Today I read the new arXival by Leistedt et al. on the topic of photometric redshifting, in which a hierarchical model is proposed to include learning something of the inherent distribution of galaxies in redshift-magnitude-template space from the data itself: constraining the hyper-parameters of a distribution model and tightening the posteriors on each individual galaxy’s inferred redshift through Bayesian shrinkage.
I link to David van Dyk’s talk on this topic at the IAUS306 since afterwards I wrote to Narciso Benitez & David: “I’m not sure if you’ve talked to each other at the meeting yet, but when I was watching Narciso’s presentation on the importance of the prior for photometric redshift estimation I thought it seemed a very natural place to apply the Bayesian shrinkage ideas that David presented. I.e., allow the data itself to improve the prior for both the redshift distribution and the proportion of each template type in the survey under study using a simple hierarchical model with some hyper parameters controlling the shape of p(z) and the probability of each template!“. Though I do not believe they did end up collaborating …
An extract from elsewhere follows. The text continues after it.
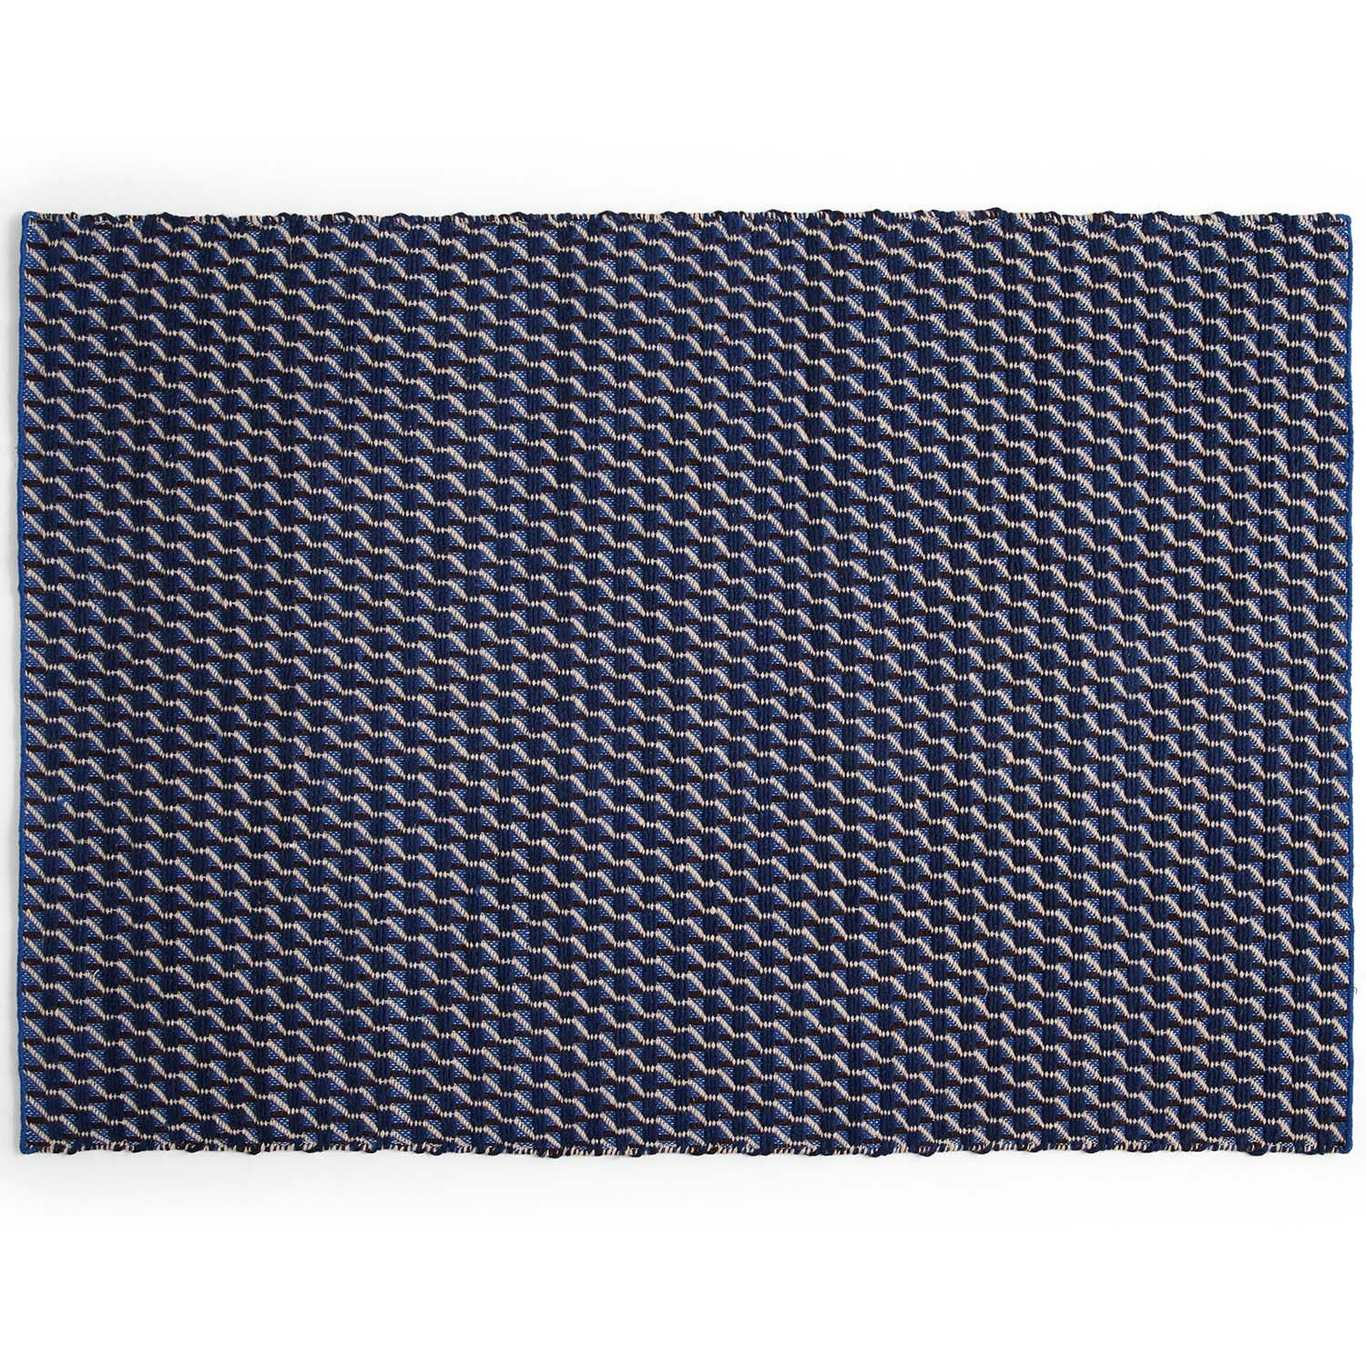 Channel Teppich Blau/Weiß, 140x200 cm

All that to say, I think this is a good idea. With regards to specifics I think the proposed model in this particular paper is a little simplistic. For instance, the intrinsic distribution is formed by (arbitrarily) dividing the redshift-magnitude-template space into rectangular prisms across which a constant contribution to the prior mass is assigned by the Dirichlet. Alternatively one could avoid arbitrary binning by supposing a distribution on the partitioning (a la methods for treed Gaussian processes; Gramacy & Lee or Kim & Holmes) and then marginalising over this unknown distribution (which, in the treed GP case, does tend to produce smooth marginals despite the inherently discontinuous nature of the sub-models). Moreover, a stronger prior of correlation between bins could well be motivated by the adjacency of the prisms in the physical space. Another minor problem with the proposed implementation seems to be that since the likelihood stated does not depend on the magnitude each galaxy is presumably being assigned to a bin solely according to its (noisily) observed flux in the reference band.
On a more general level I wonder at the value of the inferred intrinsic distribution as compared to the posterior draws of the true photometric redshift lists themselves. In this type of ‘deconvolution’ problem (e.g. mixture models) the posterior for the intrinsic distribution is typically highly prior/model sensitive (see, e.g., mixture model examples). If one reports both the posterior samples of the true redshifts along with their prior densities it makes it easy for others to come along with their own prior/models for these latent variables and apply a simple reweighting to approximate their own posterior (as in my mixture modelling paper). Ultimately for comparison to cosmological models one would like a prior tuned (e.g.) for consistency with simulations of mock galaxies from that family of models, I would imagine. Likewise, one can compute whatever summary statistics concerning the redshift distribution that one might be interested in as functionals over the true redshift samples.
Edit: I forgot to mention that I think the toy simulated dataset example should be augmented with a test of performance (in RMSE) on one of the photometric redshifting challenge datasets.